At a high level, a mining group operator is defined as a person that coordinates mining activities by a group of persons for the purposes of sharing the reward or remuneration from the mining activity. The definition of cryptoasset is restricted to property “that is a digital representation of value and that only exists at a digital address of a publicly distributed ledger”. This proposed definition of cryptoasset is broader than the definition of virtual payment instrument and can include instruments that extend beyond instruments traditionally perceived as “cryptocurrencies”.  For example, a cryptoasset (unlike a virtual payment instrument) could potentially exist without functioning as a medium of exchange, such as non-fungible tokens (NFTs) used to represent specific assets (such as digital art). Cryptoassets could also potentially include tokens used on gaming platforms even though gaming tokens are excluded from the definition of “virtual payment instrument”.

The definition of “mining activity” is also defined broadly to include activities that would not typically be considered “mining”. In addition to traditional mining activity such as “validating transactions and adding them to the publicly distributed ledger on which the cryptoasset exists at a digital address”, the definition of mining activity contemplates “allowing computing resources to be used” if the computing resources will be “used for the purpose of, or in connection with,” performing mining activities, which may, for example, include the rental of computer servers. Other activities such as “staking” may be more difficult to categorize as mining activity depending on exactly what the person is doing (e.g., is the person actually validating transactions and adding them to the publicly distributed ledger or is the person simply transferring or delegating their stake to a different person who is the block validator?).
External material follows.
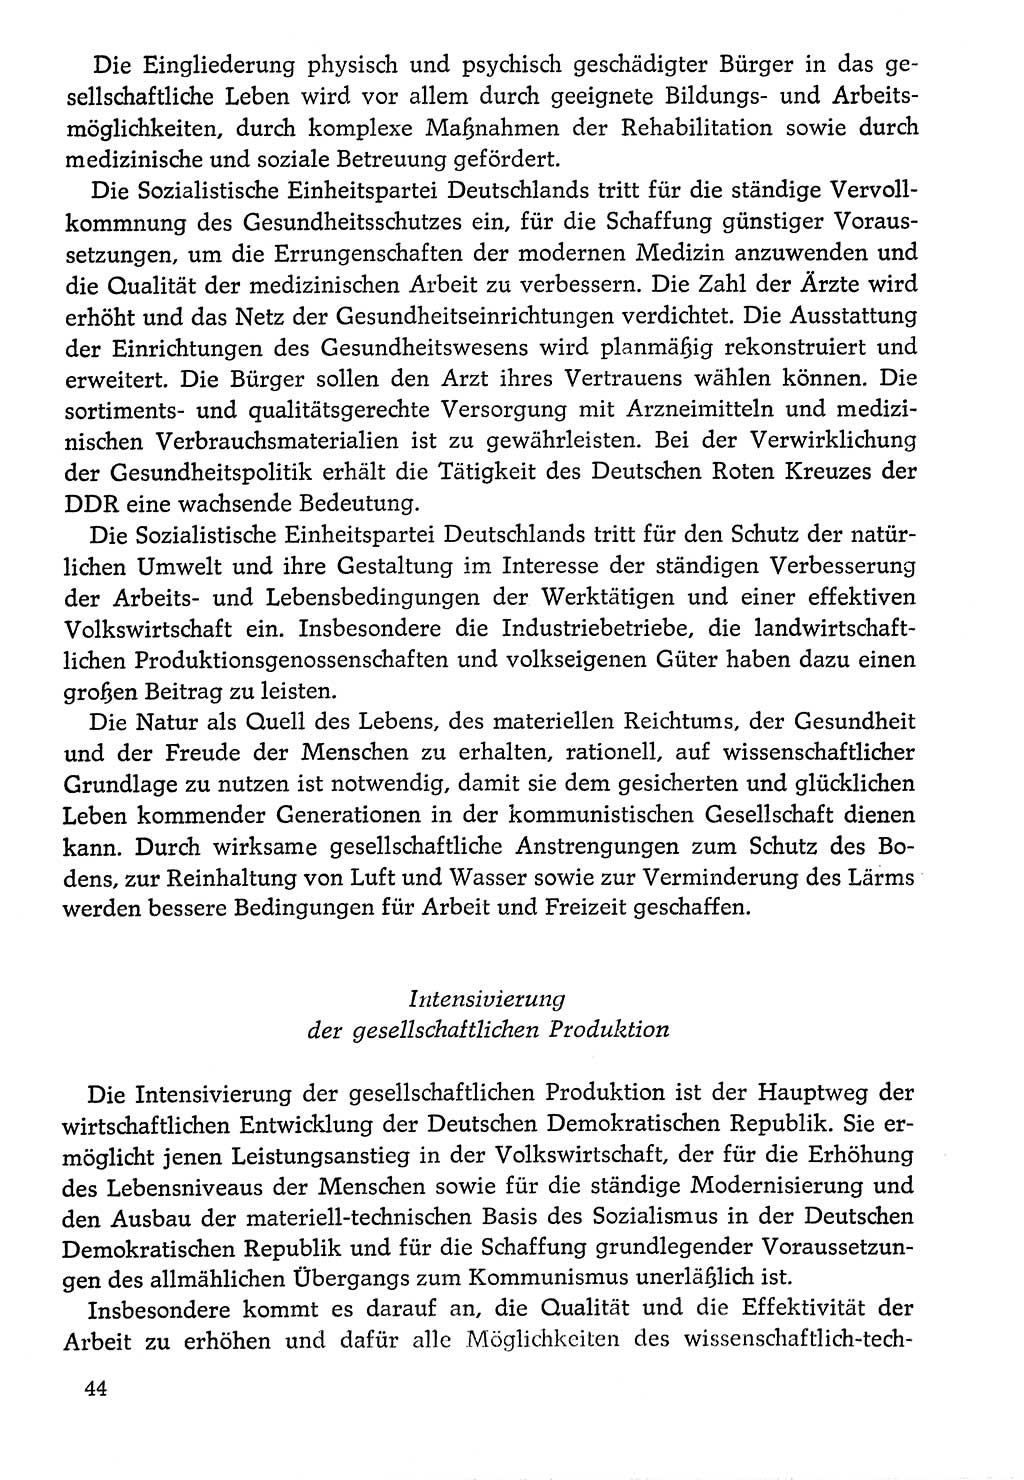 Dokumente der Sozialistischen Einheitspartei Deutschlands (SED) [Deutsche Demokratische Republik (DDR)] 1976-1977, Seite 44 (Dok. SED DDR 1976-1977, S. 44)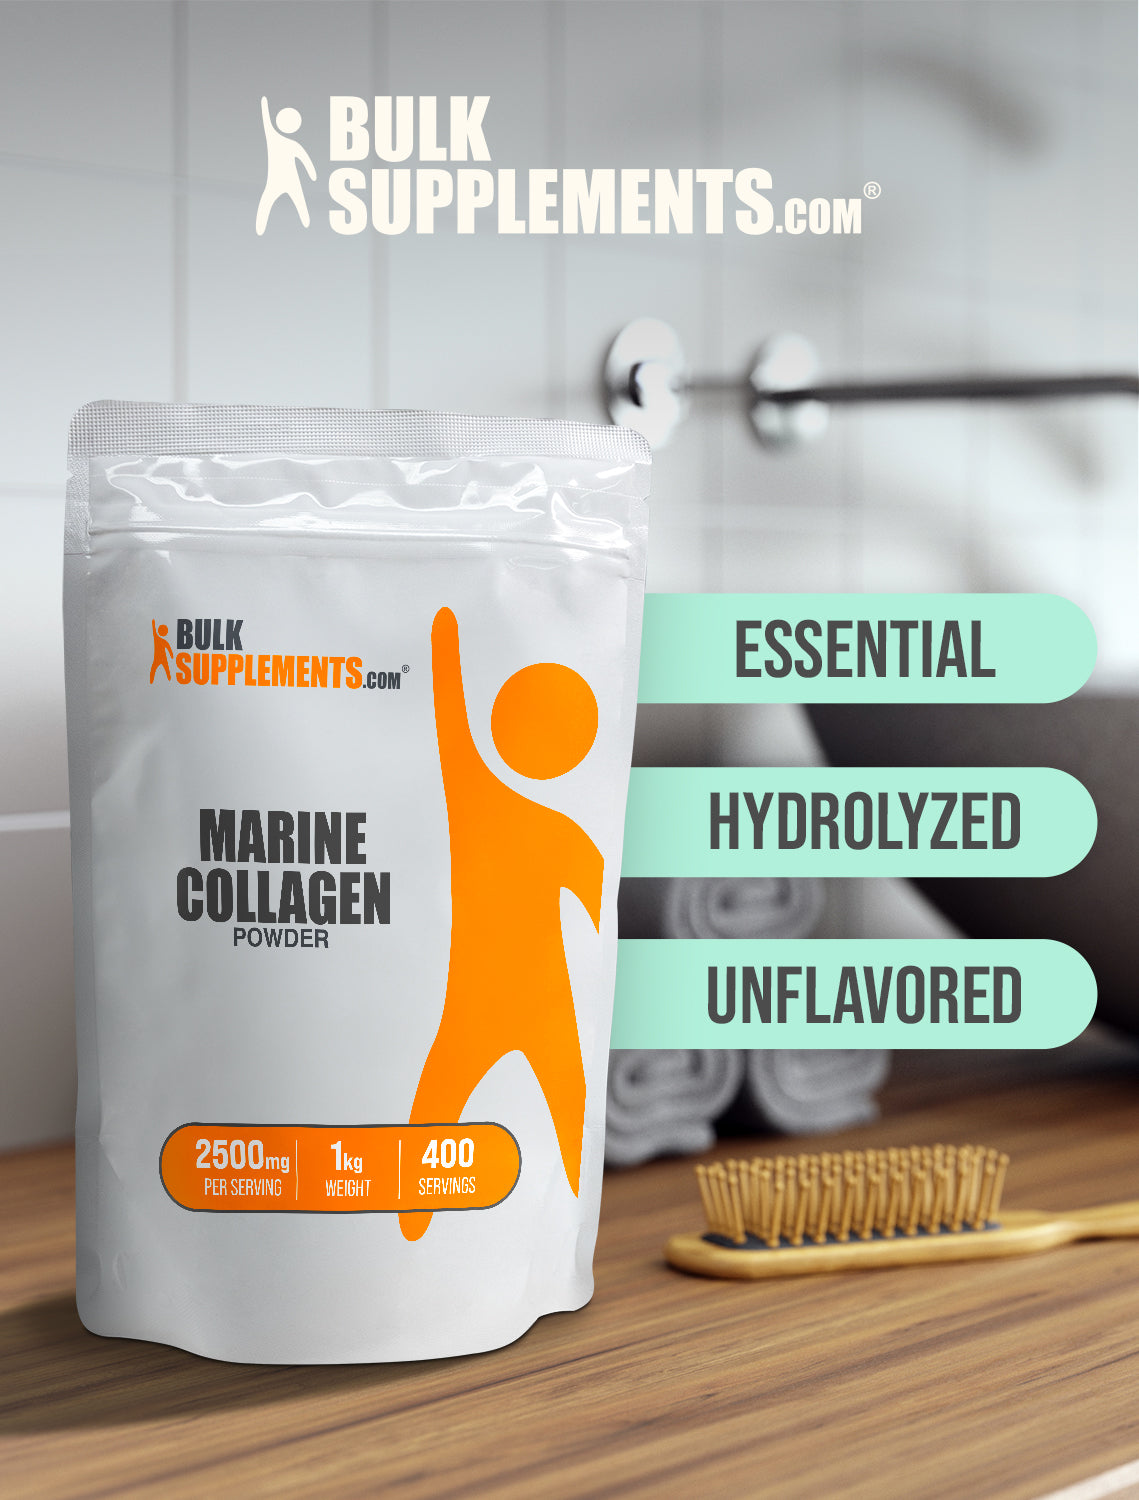 Marine collagen powder 1kg keywords image

Once the proposed rules are implemented and if a given activity is a mining activity, then generally any acquisition, importation, use, or consumption of property or services by a person in the course of or in connection with that activity will be deemed to occur otherwise than in the course of commercial activities, which effectively prohibits the person from claiming ITCs to recover GST/HST paid on inputs to the mining activity.  Furthermore, if a person receives payment (i.e., property, a service or money) as remuneration or a reward for performing mining activity, the provision of the mining activity and the provision of any property or service provided in return will generally be deemed not to be supplies.  This is contrary to the normal GST/HST regime which would apply tax to both sides of a transaction where one registrant is paid by another with property or a service. Under the draft legislation, the person making in-kind payments for the mining activity is also precluded from claiming ITCs in respect of inputs to the in-kind payments (i.e., on the property or services acquired or imported for consumption, use or supply in the course of making the in-kind payment for the mining activity). 

As noted above, the proposals introduced by Finance will effectively exclude most mining activity from the GST/HST regime, thereby simplifying GST/HST compliance for many players in the industry. However, the exceptions to the general application of the draft legislation and effective date of thereof mean that persons with potential mining activity should seek legal advice to ensure they understand whether and how the new rules apply to their activities.  Finance has asked interested parties to provide comments regarding the legislative proposals by April 5, 2022.  As cryptoasset industries evolve and different activities become more prominent, Canada might also determine that further legislation is necessary.